Über dem Wasser liegen mehrere Schichten Dunst, die jetzt von der Morgensonne durchbrochen werden. Auf den Gipfeln der umliegenden Berge liegt dermaßen viel Licht, dass die oberen Ränder sich fast im Weiss des Himmels auflösen. An jeder Erhebung der Bergrücken brechen sich die Sonnenstrahlen und werden in zahlreiche Bündel aufgefächert, die am Ende alle das Wasser berühren.
Obwohl die Sonne schon kräftig den Morgen erhellt, ist der Fahrtwind noch derart frisch, dass wir uns ab und an unter Deck begeben müssen, um uns aufzuwärmen …
Wir hangeln uns im Zick-Zack den Westarm des Sees entlang und sammeln an jedem Stopp immer mehr Touristen ein.
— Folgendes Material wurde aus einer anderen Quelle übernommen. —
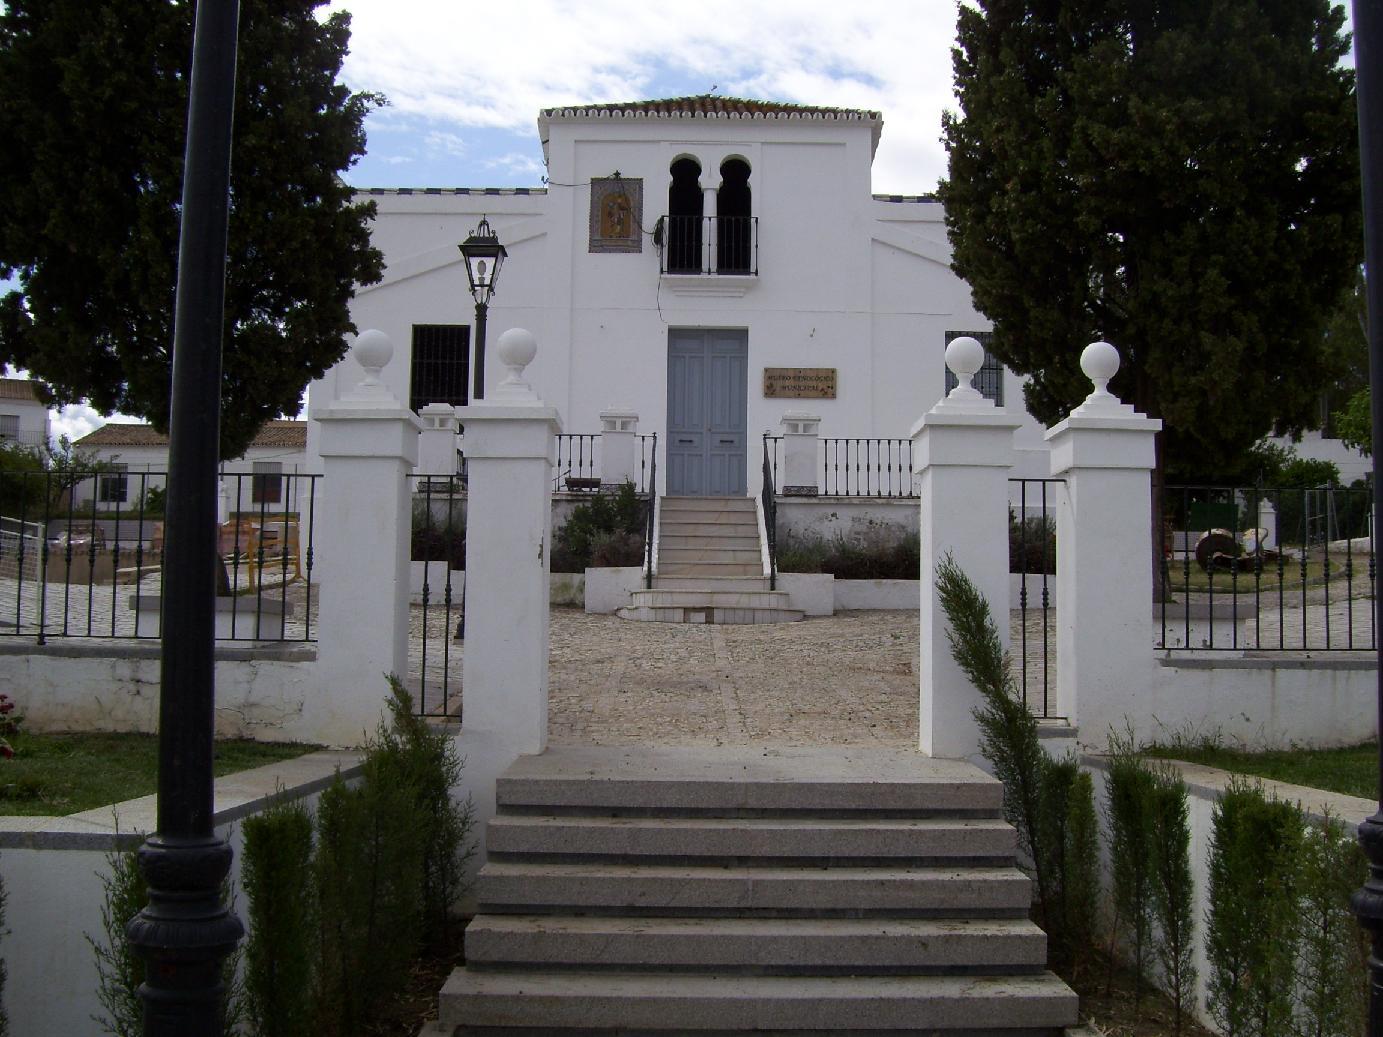 Museo Etnográfico y de Arte Contemporáneo de Castilblanco de los Arroyos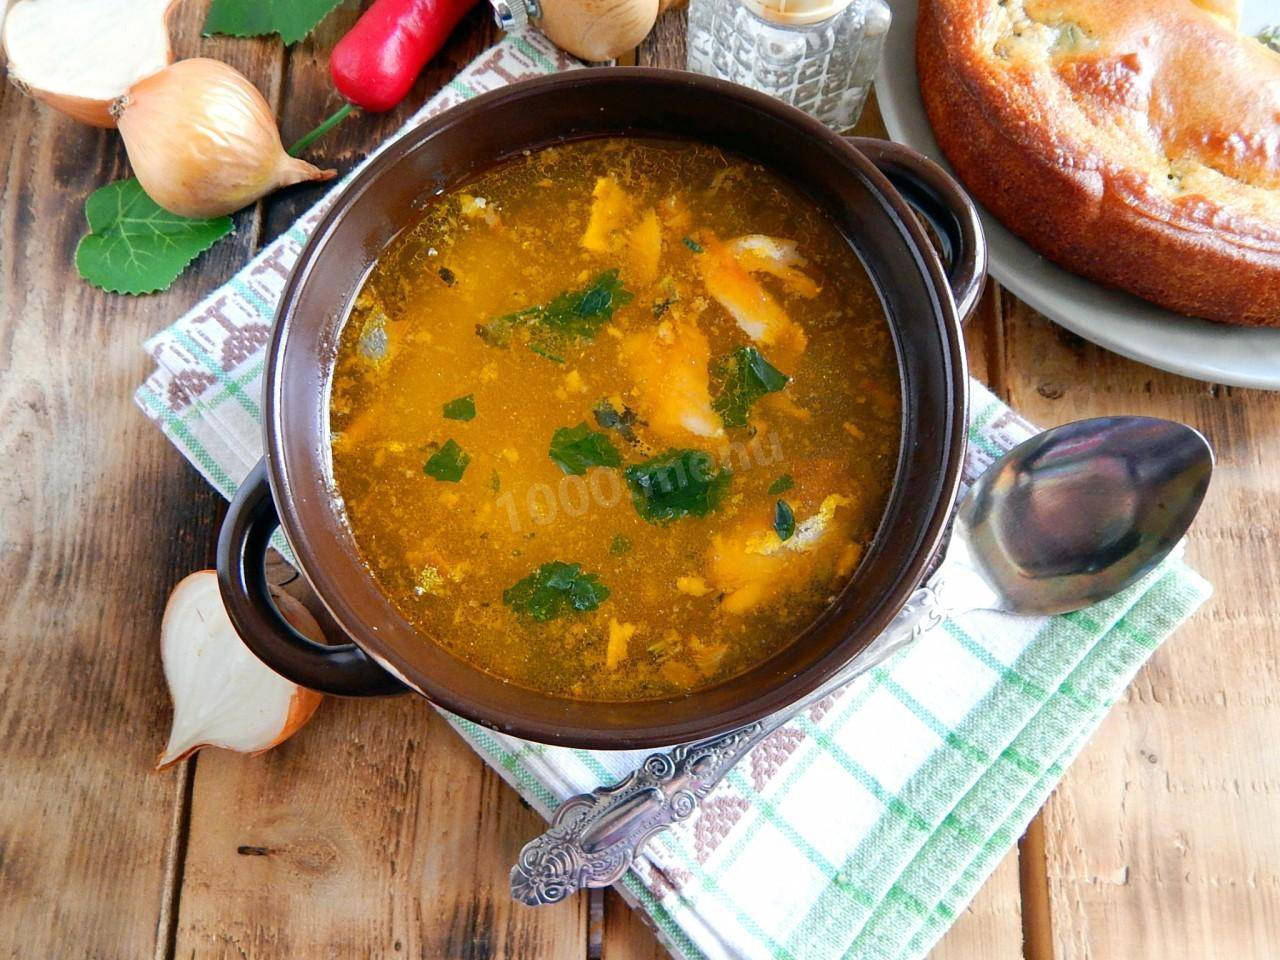 Суп из сайры - ну очень быстрый обед: рецепт с фото и видео

Auf Deck gibt es jetzt so gut wie keinen Platz mehr und wir müssen mit den ganzen Influencern jedesmal um eine Lücke an der Reeling kämpfen, wenn wir auch mal ein Bild machen wollen. So sind wir dann am Ende ziemlich erleichtert, als wir Bellagio erreichen und die Masse an Menschen sich in die 3.500 Einwohner große Stadt ergießt.
Direkt am Wasser ergattern wir trotz tausender Menschen doch tatsächlich noch einen Platz zum Mittagessen im Hotel Excelsior Splendide. Schon klar, dass das Bistro touristisch bestens erschlossen ist, aber letztendlich sind wir doch positiv überrascht, denn der Service ist top, das Essen hervorragend und die Preise moderat. Also alles halb so wild.